Material provided
------------
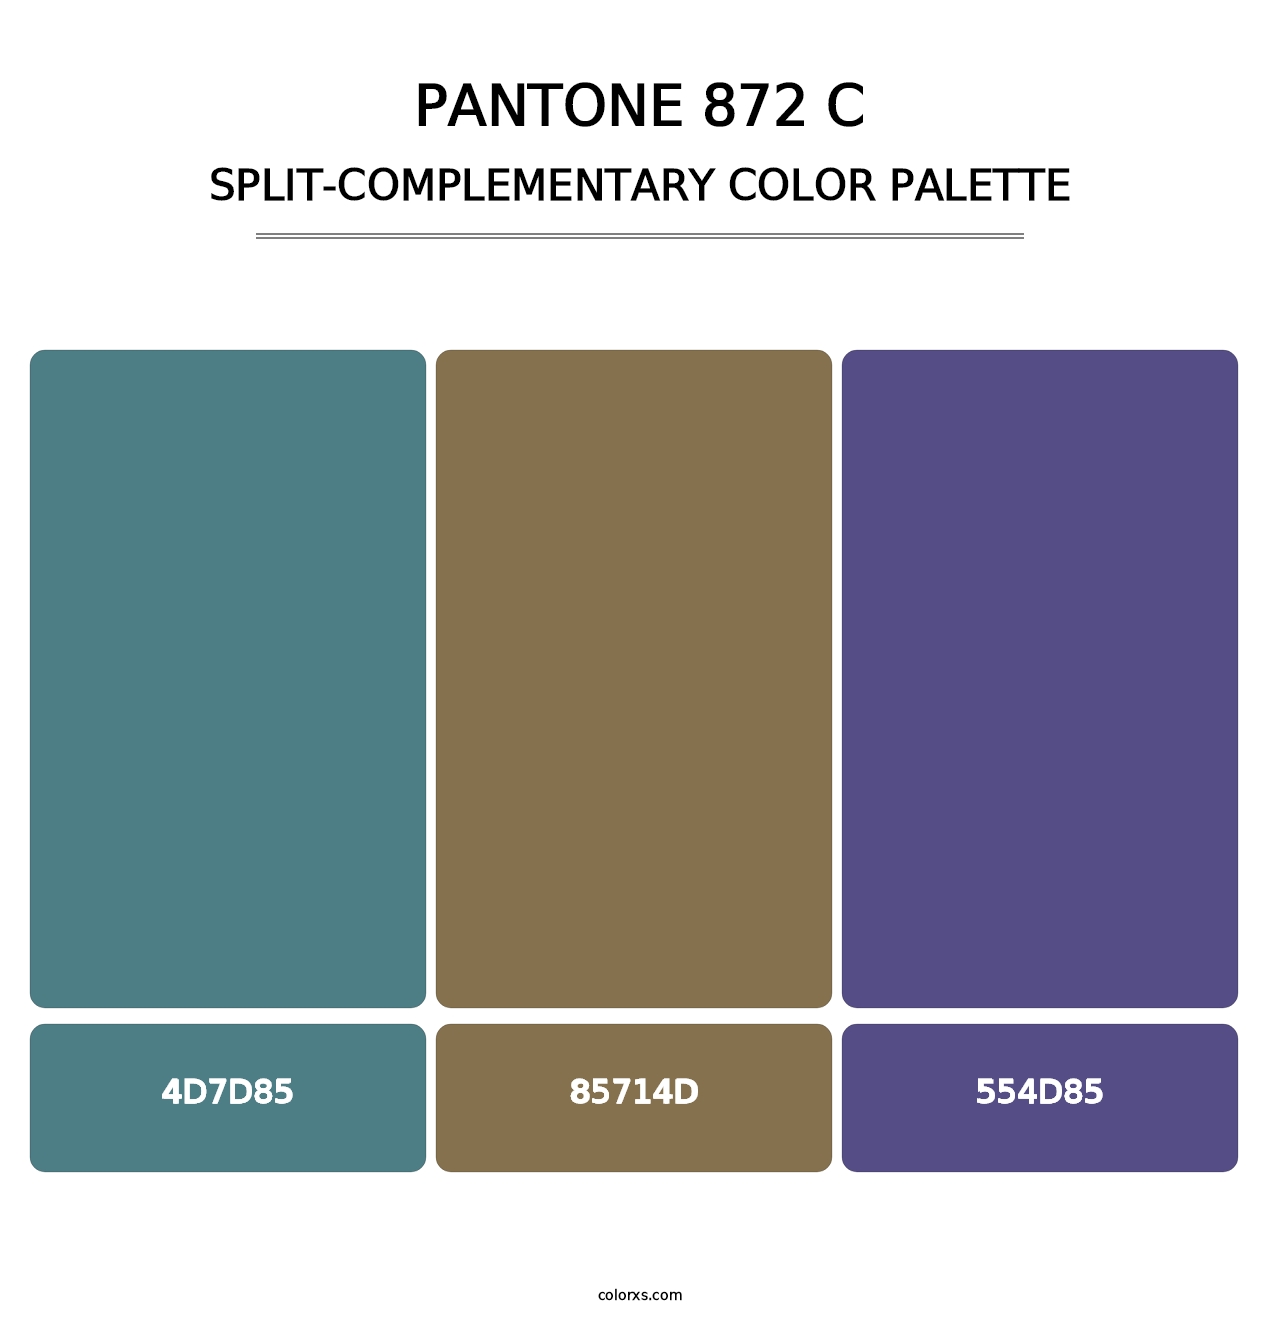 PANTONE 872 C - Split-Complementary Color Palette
------------
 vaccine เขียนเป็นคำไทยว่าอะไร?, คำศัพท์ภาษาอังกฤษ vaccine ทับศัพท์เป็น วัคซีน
------------
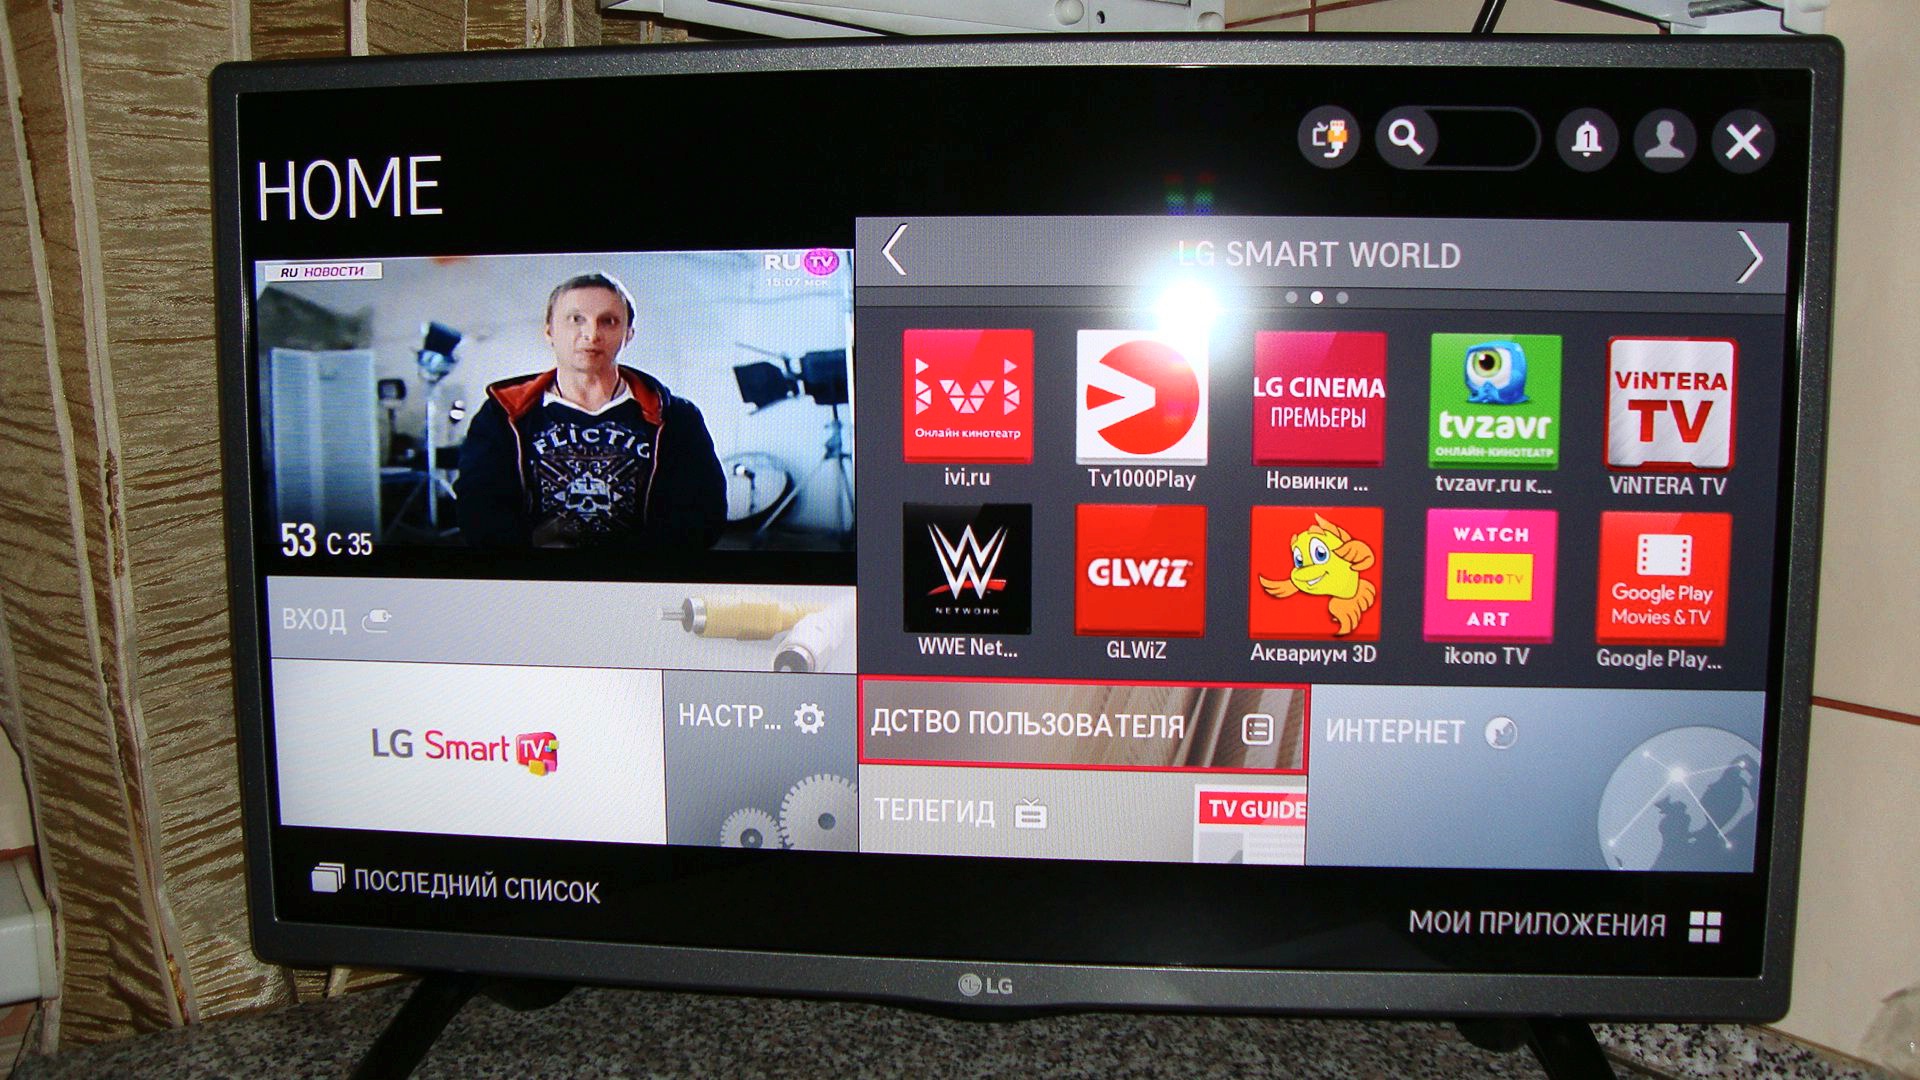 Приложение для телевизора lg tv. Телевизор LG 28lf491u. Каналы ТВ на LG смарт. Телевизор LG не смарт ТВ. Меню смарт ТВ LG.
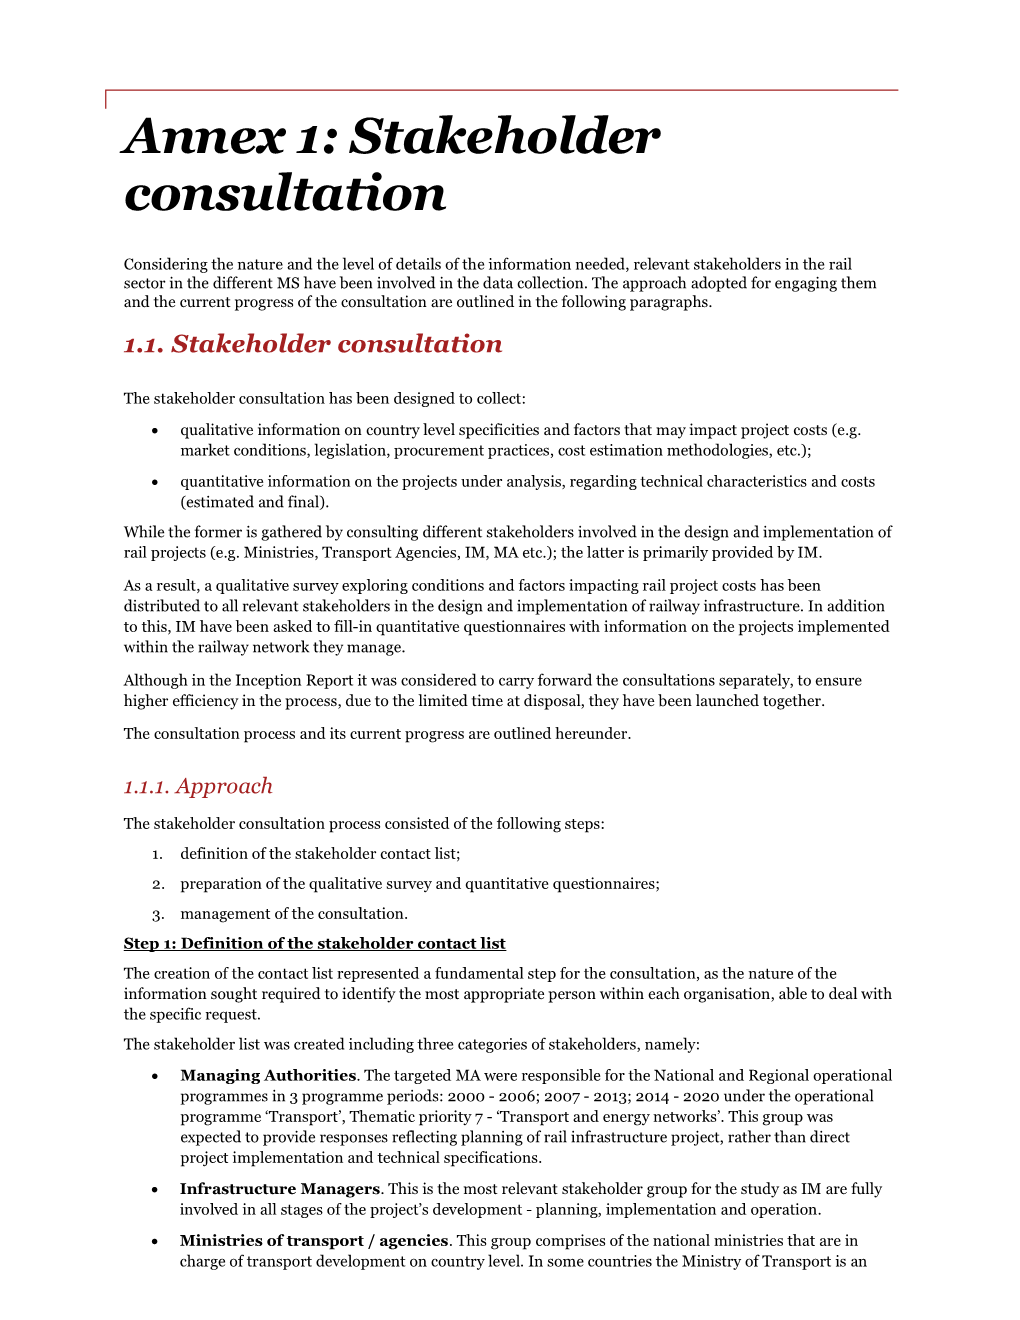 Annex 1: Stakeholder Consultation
------------
Task prompt
Having found the line with "Приложение для телевизора" and the line with "Annex 1: Stakeholder Consultation" in the material above, write out exactly those two and every line between, leaving the pictures out.

Task response
 Приложение для телевизора lg tv. Телевизор LG 28lf491u. Каналы ТВ на LG смарт. Телевизор LG не смарт ТВ. Меню смарт ТВ LG.
 Annex 1: Stakeholder Consultation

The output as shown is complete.